Stepping into the kitchen, my mind on repurposing Tuesday night’s leftover arroz con pollo into scrummy hand-pies, I robotically clicked the radio on. Just in time to hear the headline leading KARB’s top-of-the-hour news segment, “Earlier today, community groups barricaded themselves inside two buildings in Nevermore to protest the Cemetary’s expansion plans. Said plans include the demolition of both clubhouses and the destruction of several acres of forested land…..”

Since the station’s news desk hadn’t reported anything new on the situation since seven this morning, I flipped off the mellow voice of the newsreader mid-sentence. Staring into space and tapping my fingernail against the plastic housing of the radio, I tried to figure out how this development fits in with the outline of events I’d started the other night. 

Before I got very far in either my brooding or dinner prep, my cell started ringing – the name on its display sending my heart into instant palpitations. 

Ben.

Hands shaking, I managed to answer the call on my fourth swipe of the screen.

Me: “Hello?”

Little Ben (hesitantly): “Hey, Morticia.”

Squeezing my eyes shut, I struggled to keep the disappointment out of my voice. Finally, an Abernathy calls me, and it’s the wrong one.

Me (walking over to twist a knob on the oven): “What’s up?”

Pithy equals politic at the moment.

Little Ben (babbling): “I was hoping I could swing by on Saturday and talk with you.”

Me (yanking the necessary ingredients for dinner out of the fridge): “About?”

Little Ben: “I’d rather not get into it on the phone.

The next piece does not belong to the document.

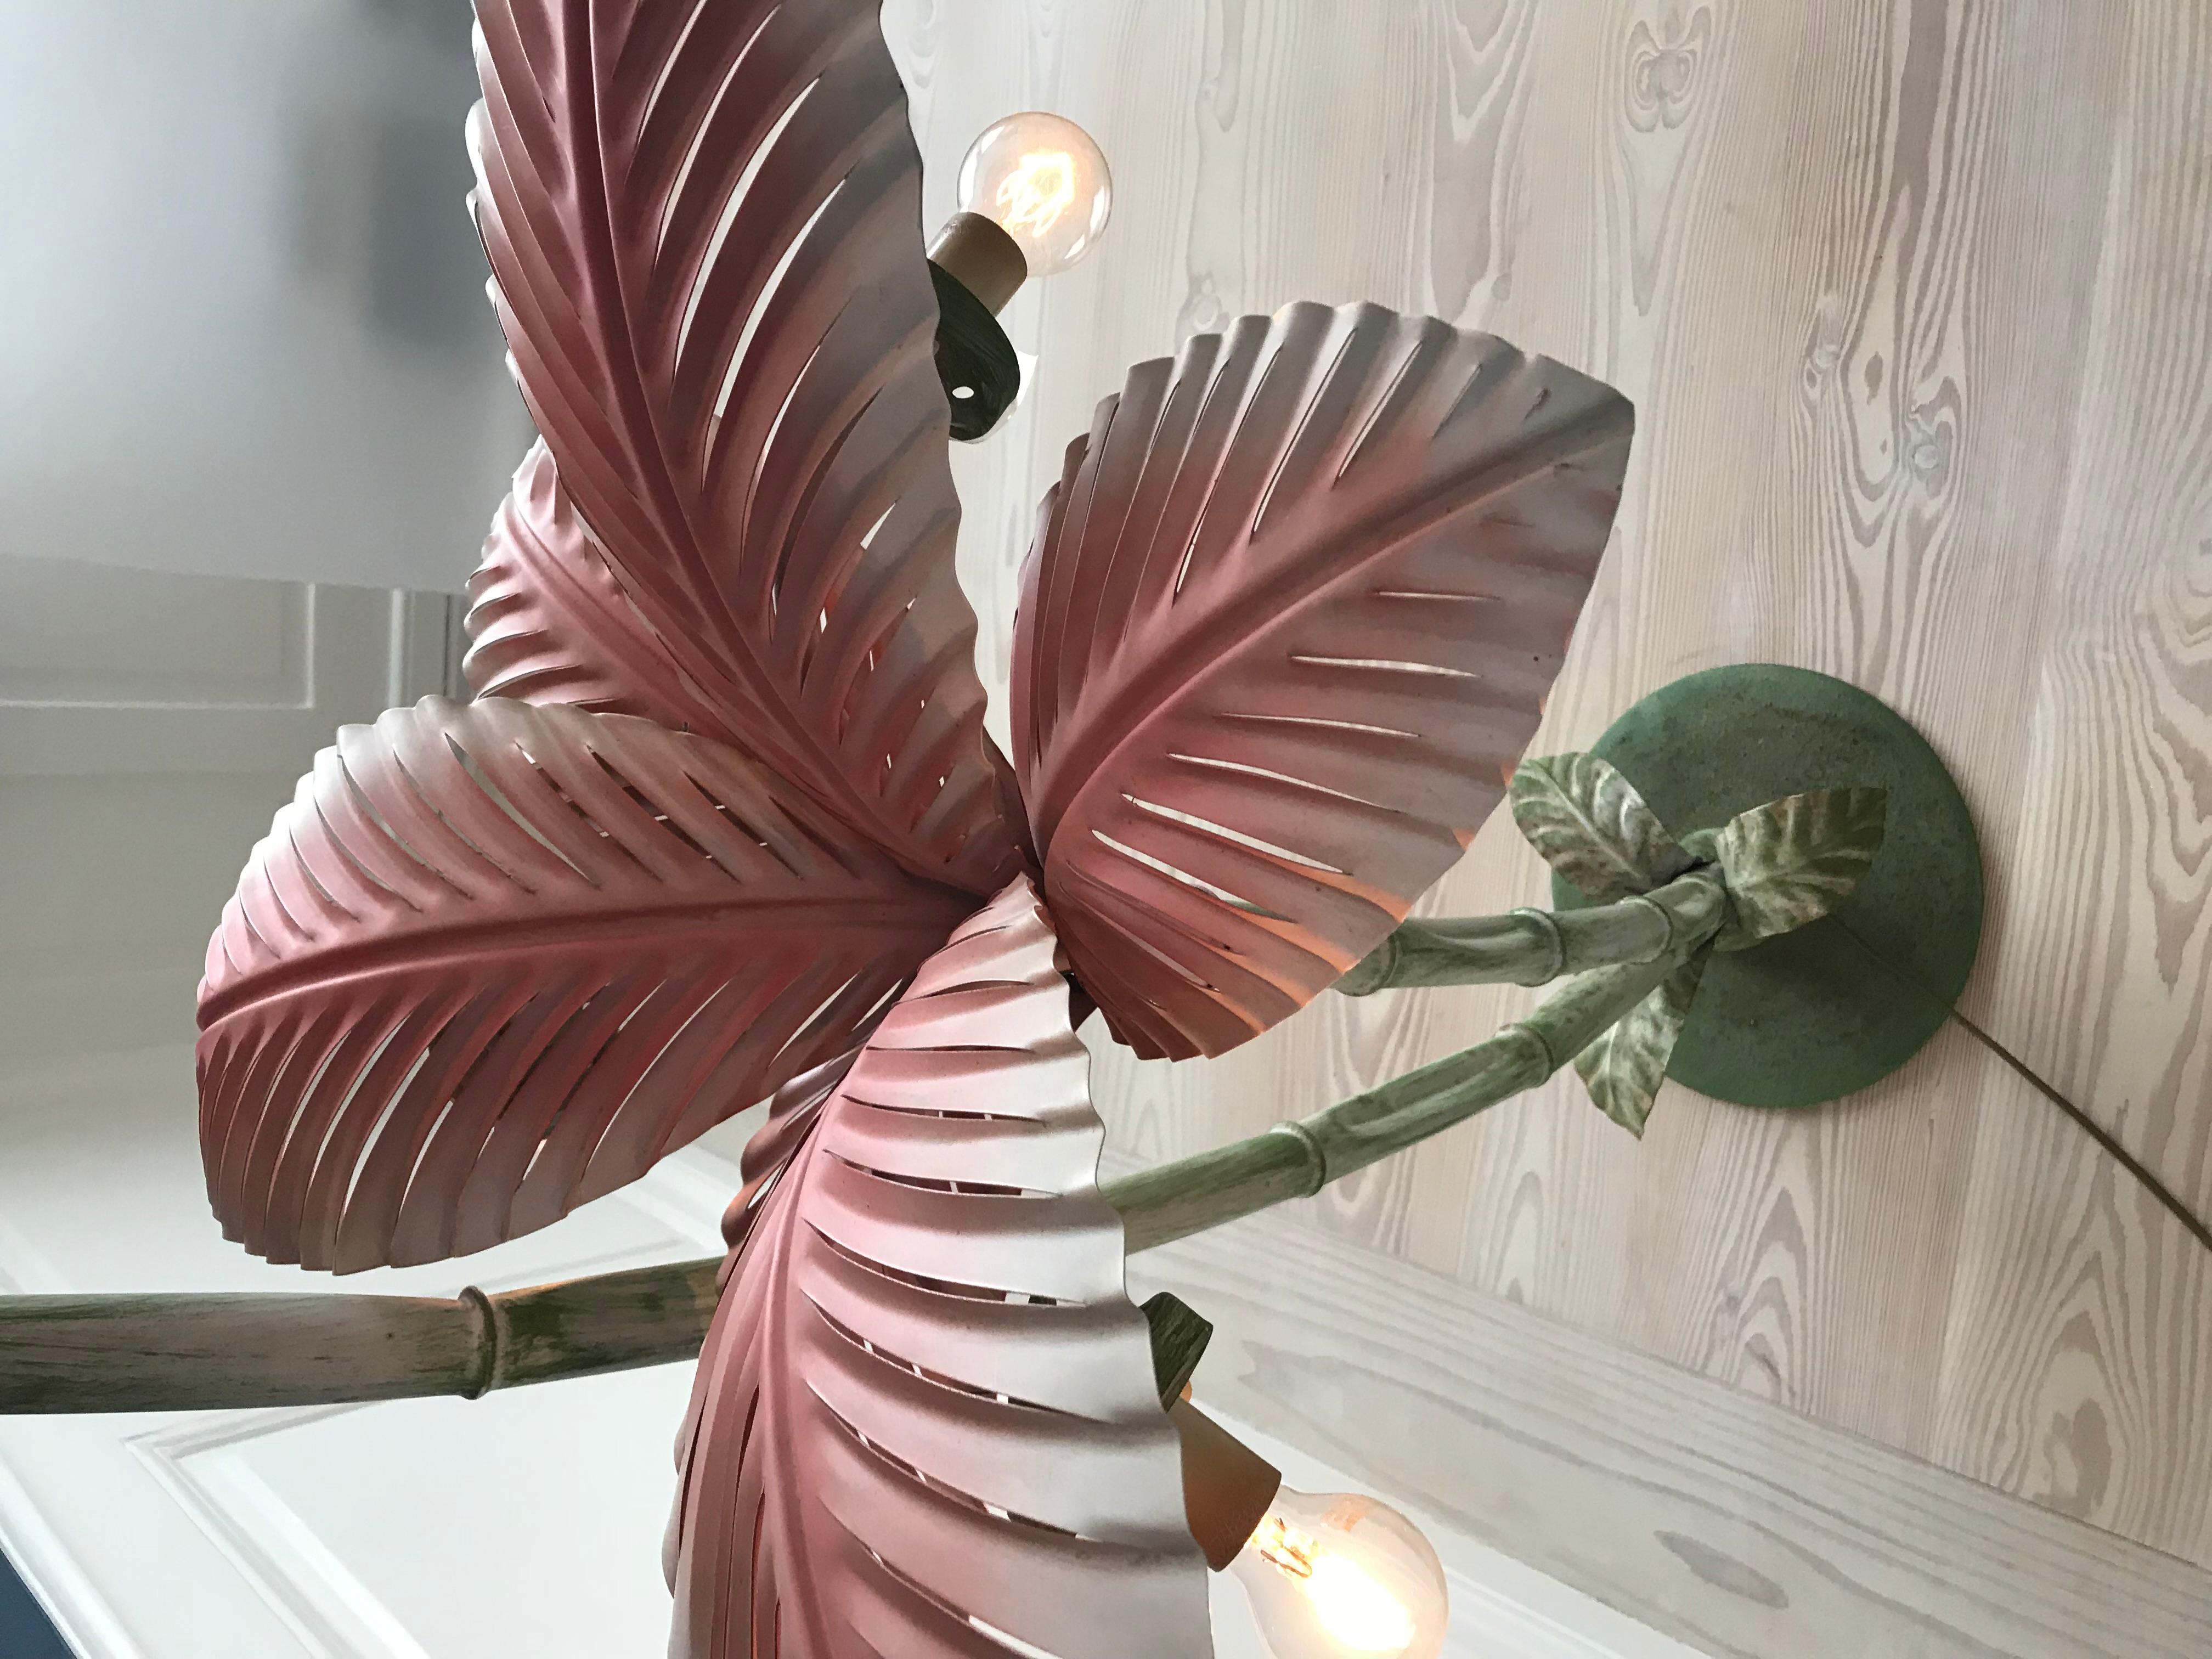 French vintage floor lamp in the shape of a palm tree with pale pink painted metal leaves.

Are you free around one?”

Me (slamming the microwave door on the leftover arroz con pollo): “Yes.”

Little Ben: “Can we meet at your place? There’s too much going on in Nevermore right now….”

I let his understatement roll right by.

Me (unrolling the premade pie dough on the counter): “Sure, do you need directions to the apartment?”

Little Ben: “No, I know the way.”

Me (cutting the dough into perfect circles with a rim of a bowl): “Cool?”

Little Ben: “Okay, see you then.”

Staring at my phone, I hit the red disconnect symbol, striving to fathom Little Ben’s sudden enthusiasm for my company – and I mean enthusiasm – he sounded downright giddy at the prospect of coming over. Beatrice, who apparently came in at the tail end of the call, fetched the container from the microwave and joined me at the counter.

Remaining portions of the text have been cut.